Estimulad una actitud alegre.
Si hay alguien que debe estar continuamente agradecido, es el cristiano. Si hay alguien que disfruta de felicidad, aun en esta vida, es el fiel seguidor de Jesucristo. Los hijos de Dios tienen el deber de ser alegres. Deberían estimular una actitud feliz. Dios no puede ser glorificado por sus hijos que viven continuamente bajo una nube y que arrojan sombras dondequiera que van. El cristiano debería arrojar luz en vez de sombra. . . . Debe tener un rostro alegre (Id., 28-4-1859).
Los niños aborrecen la sombra de las tinieblas y la tristeza. Su corazón responde a la brillantez, a la alegría y al amor (Consejos sobre la Obra de la Escuela Sabática, pág. 109).

Sonreíd, padres, sonreíd.
Algunos padres, y asimismo algunos maestros, parecen haber olvidado que ellos también fueron niños. Son solemnes, fríos, y no son simpáticos. . . . Sus rostros habitualmente tienen una expresión seria y reprobadora. La alegría o las travesuras infantiles, la inquieta actividad de la vida joven, no encuentran excusa ante sus ojos. Las travesuras insignificantes son tratadas como pecados graves. Esta disciplina no es la de Cristo. Los niños educados en esta forma temen  a sus padres o maestros, pero no los aman; no les confían sus experiencias infantiles. Así se matan algunas de las cualidades más valiosas de la mente y el corazón, como una planta tierna expuesta al viento gélido.
Sonreíd, padres; sonreíd, maestros. Si vuestro corazón está triste, que vuestro rostro no lo manifieste. Que la luz de un corazón amante y agradecido ilumine el rostro. Abandonad vuestra solemnidad de hierro, adaptaos a las necesidades de los niños, y haced que os amen. Debéis ganar su afecto si queréis impresionar sus corazones con la religión (Review and Herald, 21-3-1882).

Una oración adecuada.
Alegrad vuestro trabajo con cantos de alabanza. Si queréis tener un registro limpio en los libros del cielo, nunca os impacientéis ni rezonguéis.
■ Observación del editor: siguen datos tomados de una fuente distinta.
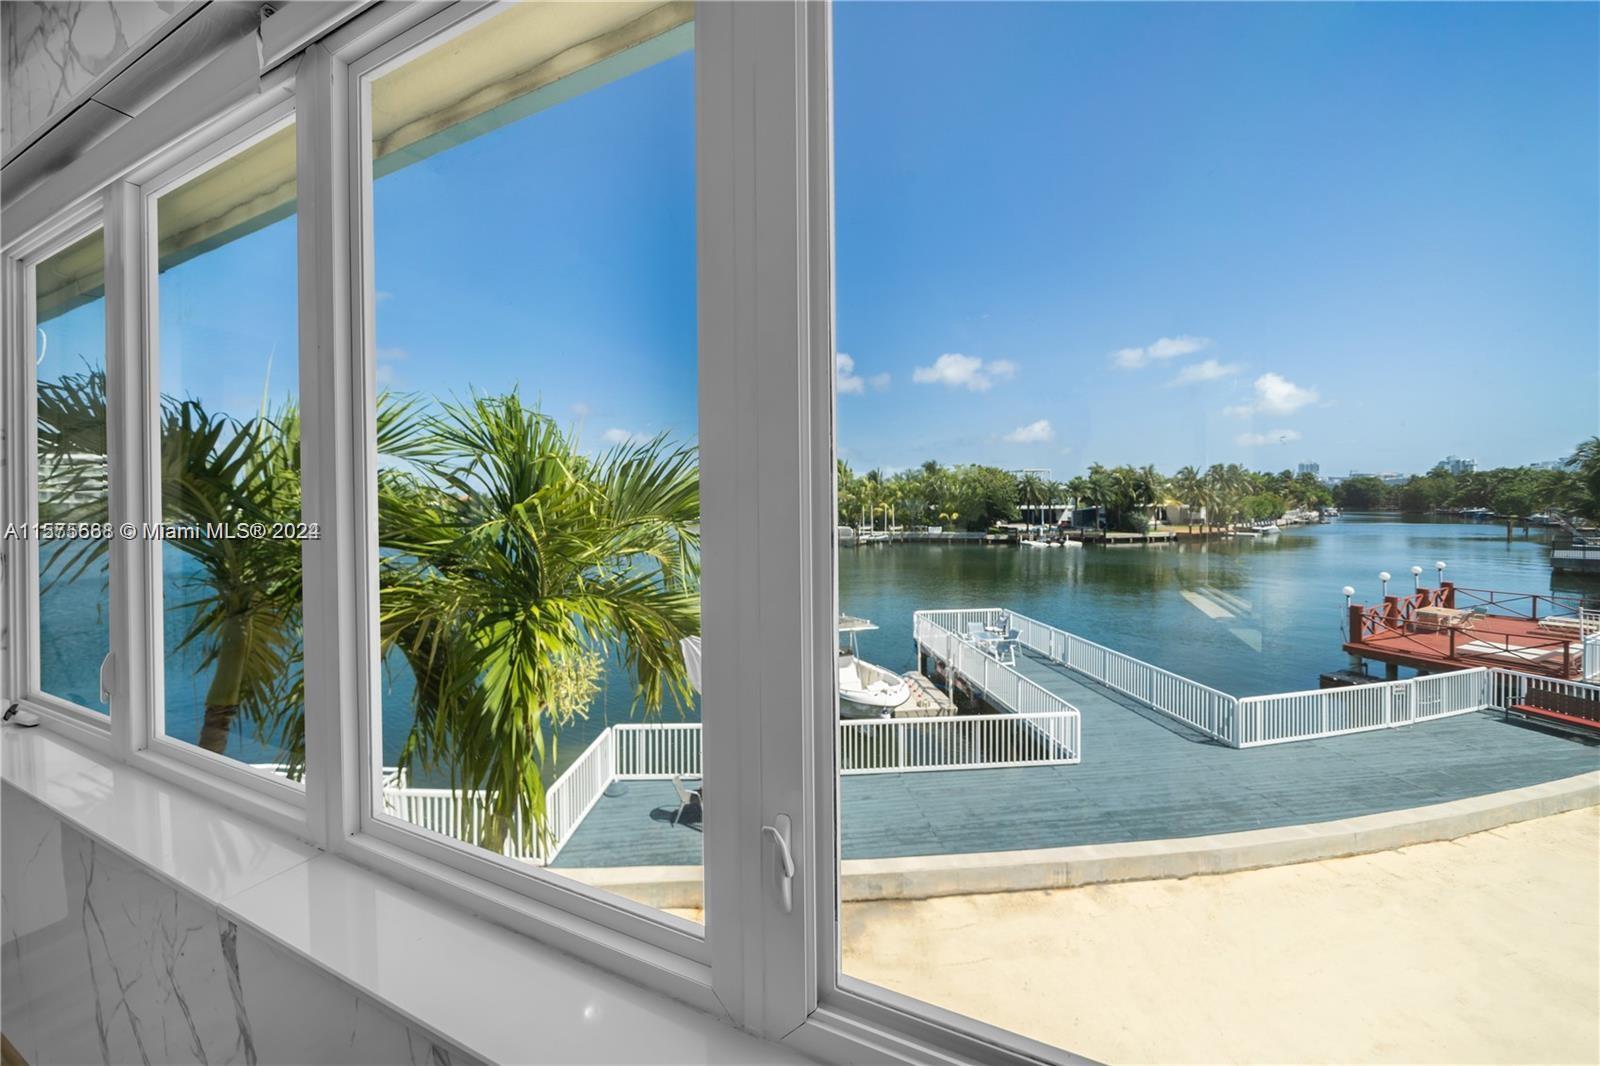 Rental Property at 4710 Pine Tree Dr 49, Miami Beach, Miami-Dade County, Florida - Bedrooms: 2 
Bathrooms: 2  - $3,800 MO.

  Vuestra oración diaria sea: "Señor, enséñame a hacer lo mejor. Enséñame cómo trabajar más eficientemente. Dame energía y alegría"...


Poned a Cristo en todo lo que hacéis. Entonces vuestra vida estará llena de alegría y agradecimiento. . . . Hagamos lo mejor posible, avanzando gozosamente en el servicio del Señor, con nuestro corazón lleno de su felicidad (Australasian Union Record, 15-11-1903).

Enseñad a los niños a ser agradecidos.
"Y te alegrarás en todo el bien que Jehová tu Dios te haya dado a ti y a tu casa". Deberían manifestarse agradecimiento y alabanza a Dios por las bendiciones temporales y por todo el bienestar que derrama sobre nosotros. Dios quiere que cada familia que se está preparando para habitar en las mansiones eternas le tribute gloria por los ricos tesoros de su gracia. Si se educara a los niños, en la vida de hogar, para que sean agradecidos al Dador de todas las cosas buenas, veríamos manifestarse en nuestra familia un elemento de gracia celestial; se vería gozo en la  vida doméstica, y los jóvenes que procedieran de esos hogares llevarían consigo un espíritu de respeto y reverencia a la escuela y a la iglesia. Habría concurrencia en el santuario donde Dios se reúne con su pueblo, reverencia en todas las ceremonias de su culto, y gozosa alabanza y agradecimiento por todos los dones de su providencia.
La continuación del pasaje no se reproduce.